:: The data ::
==============================
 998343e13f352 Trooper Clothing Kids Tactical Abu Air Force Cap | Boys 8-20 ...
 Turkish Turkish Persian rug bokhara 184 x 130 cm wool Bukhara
==============================
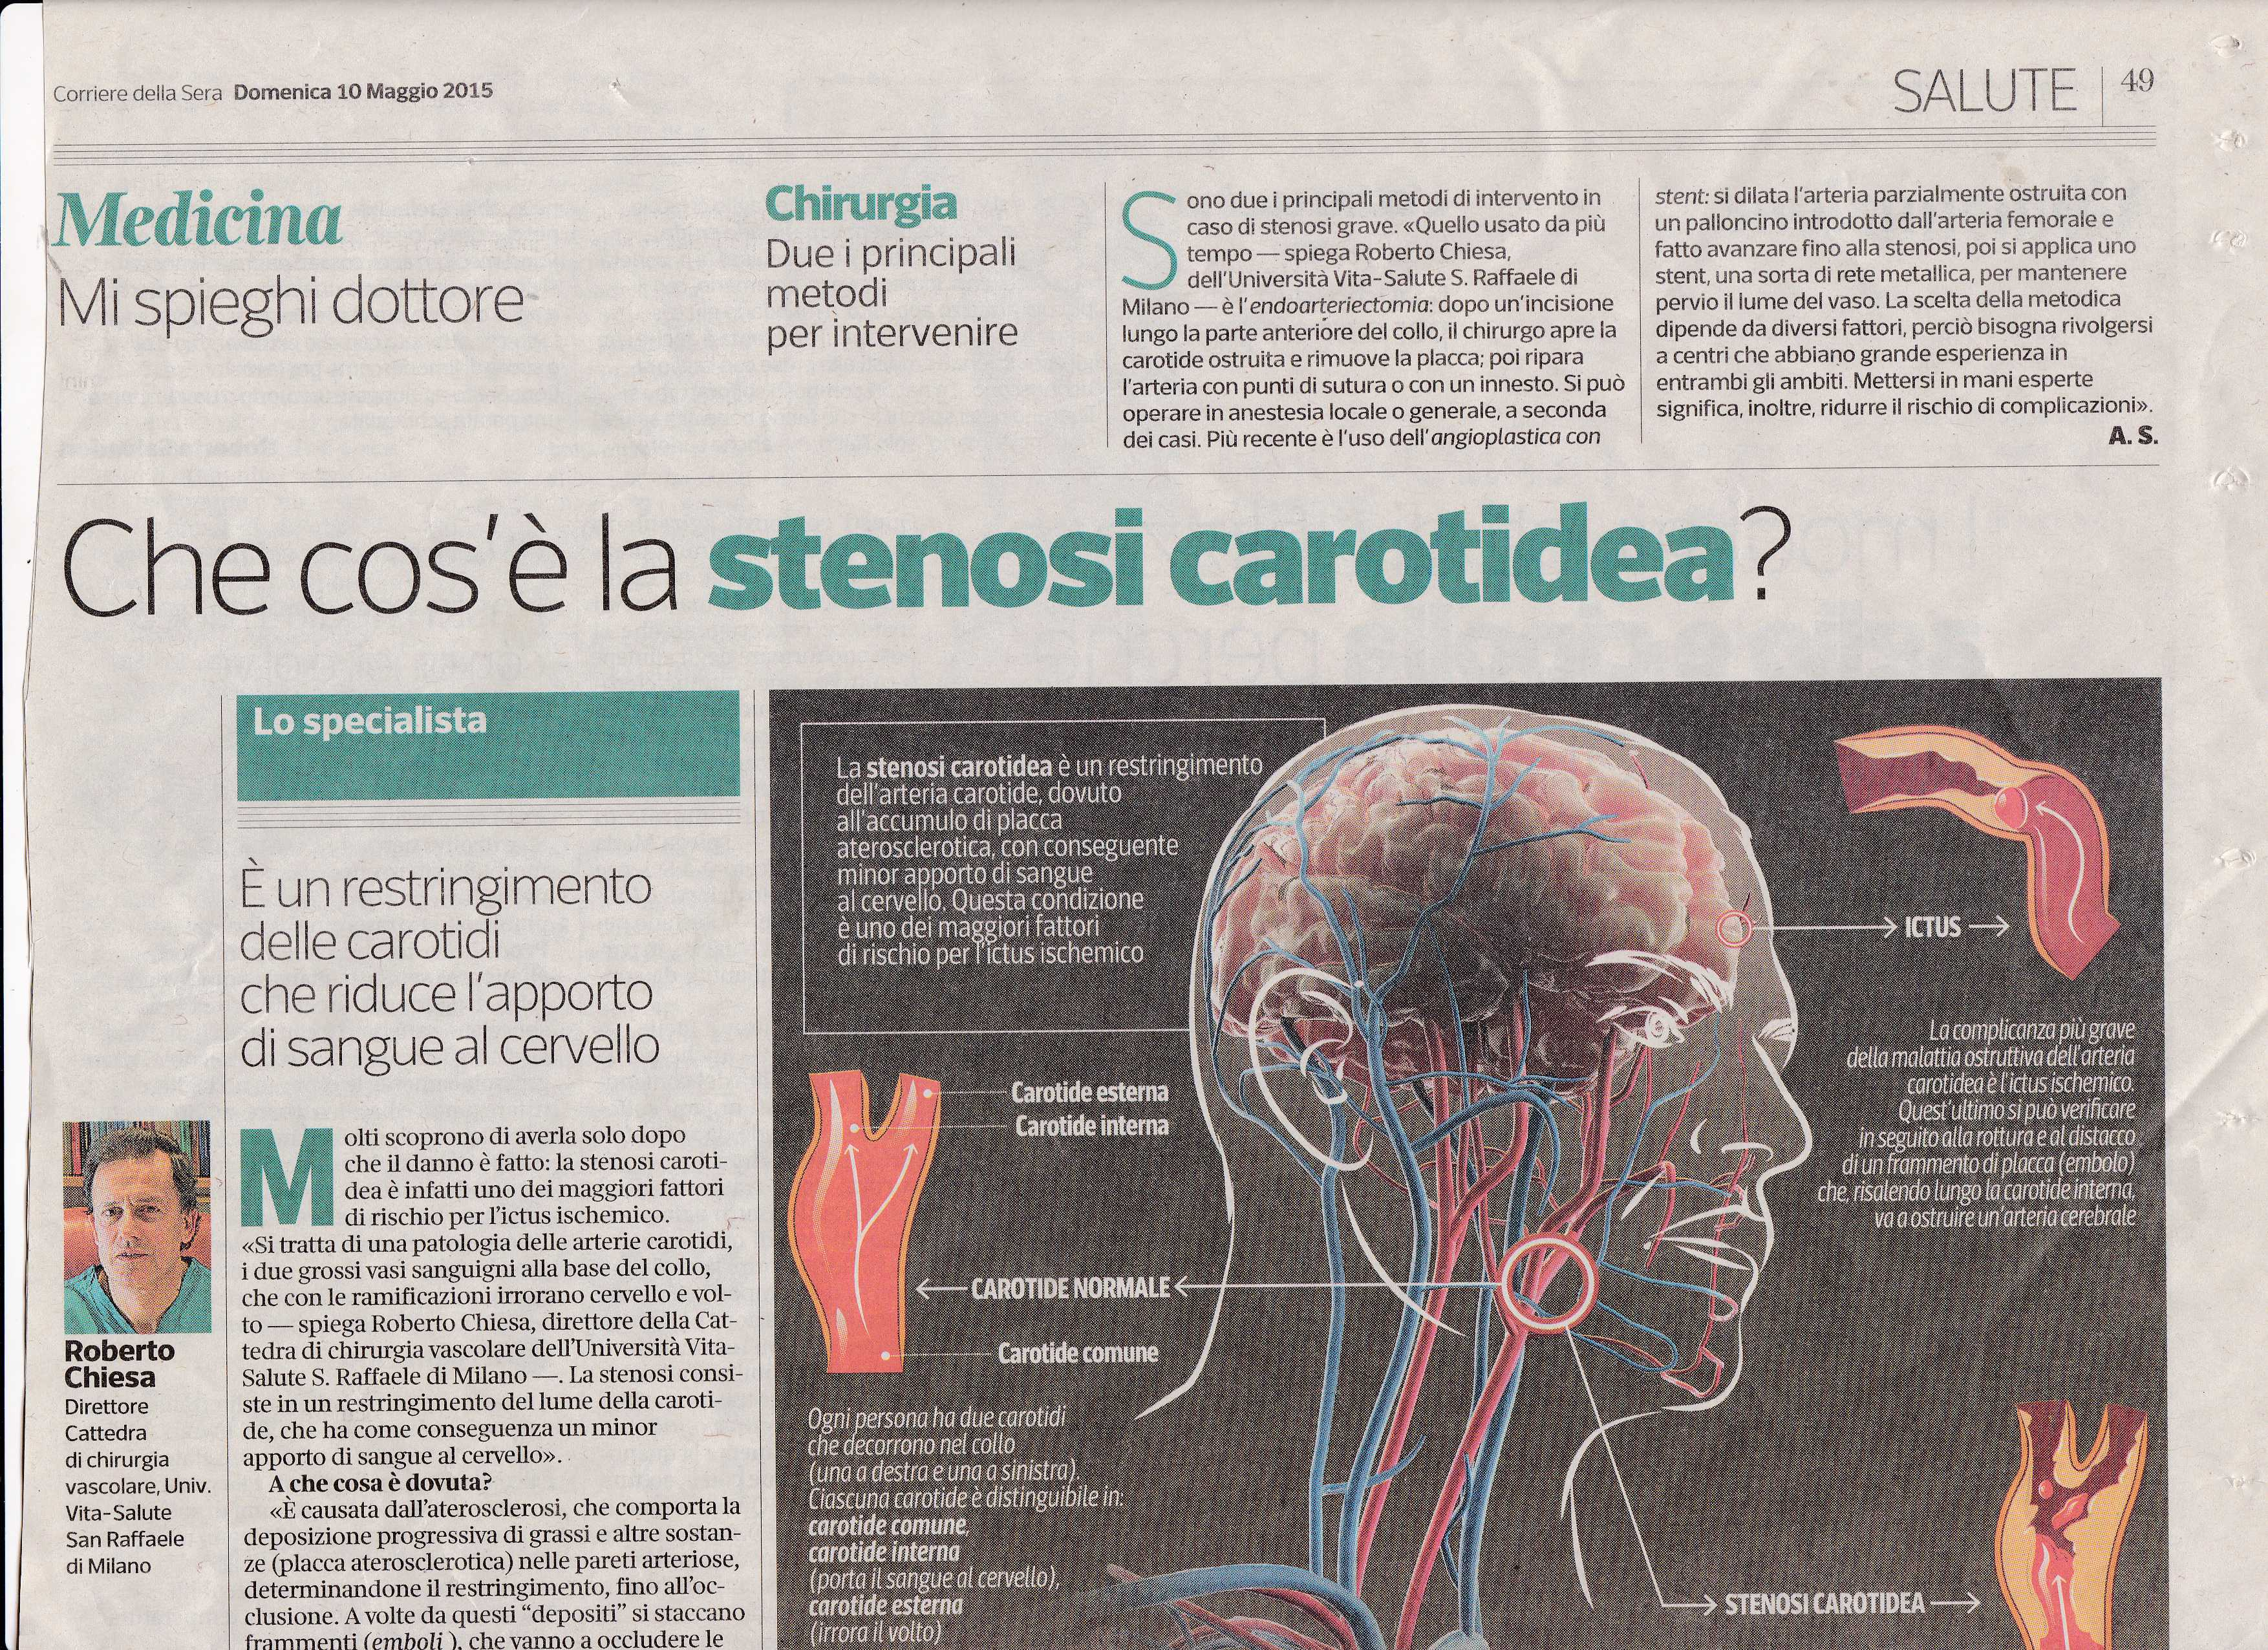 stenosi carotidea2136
==============================
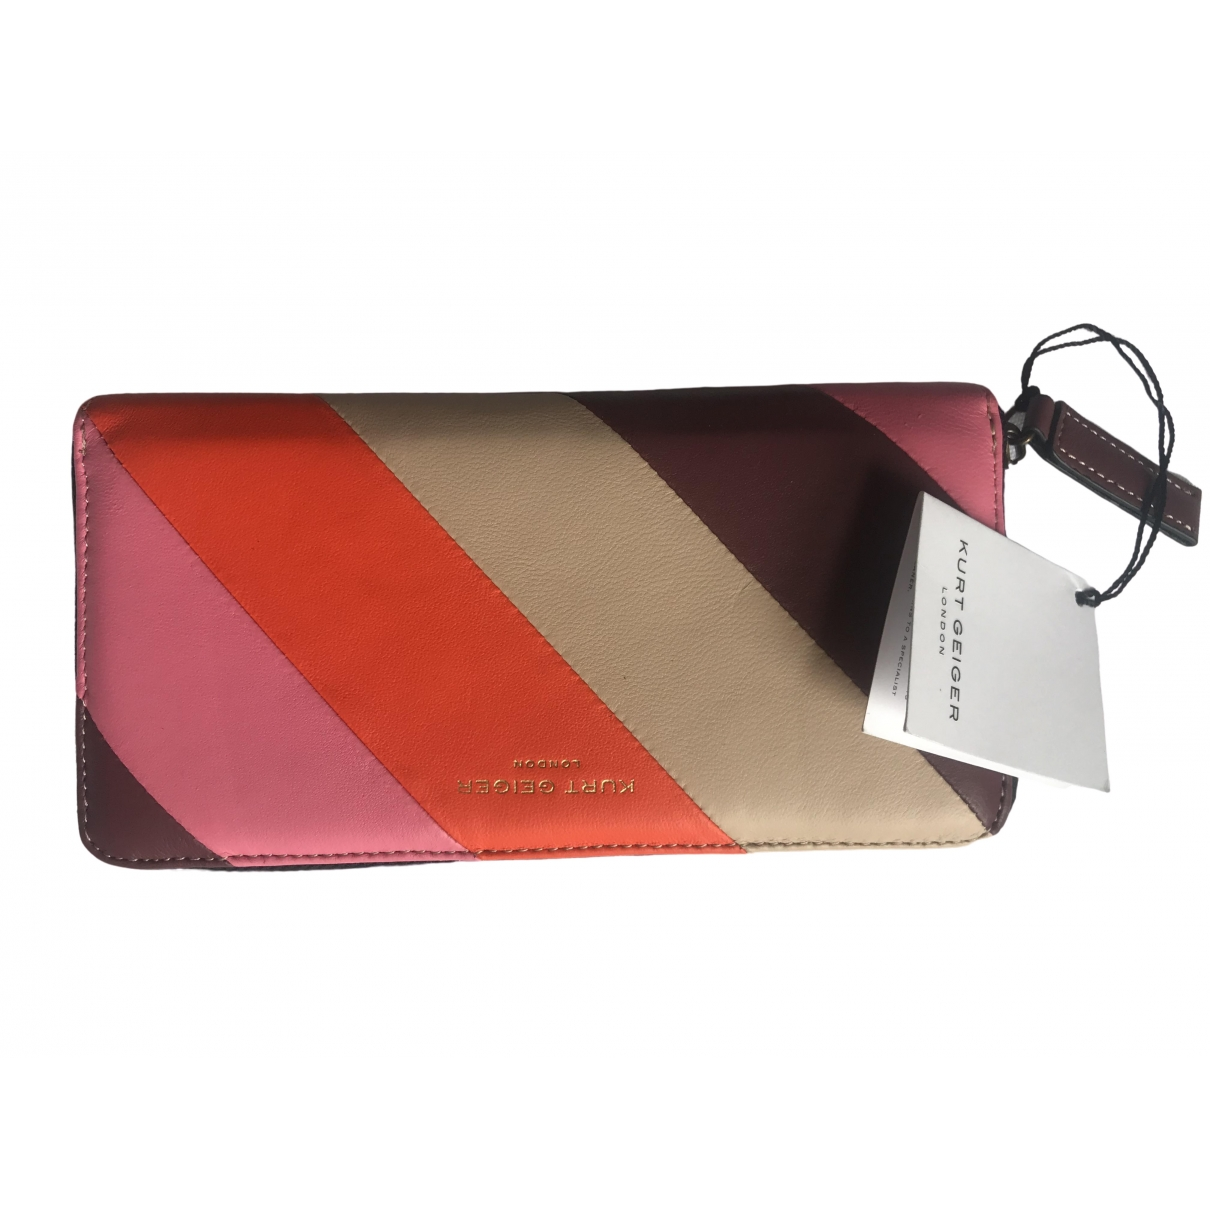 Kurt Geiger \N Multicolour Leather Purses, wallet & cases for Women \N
==============================
:: Task goal ::
Write out exactly the lines above between the line with "998343e13f352 Trooper Clothing" and the line with "Turkish Turkish Persian", inclusive, and nothing beyond them.

:: Result of the exercise ::
 998343e13f352 Trooper Clothing Kids Tactical Abu Air Force Cap | Boys 8-20 ...
 Turkish Turkish Persian rug bokhara 184 x 130 cm wool Bukhara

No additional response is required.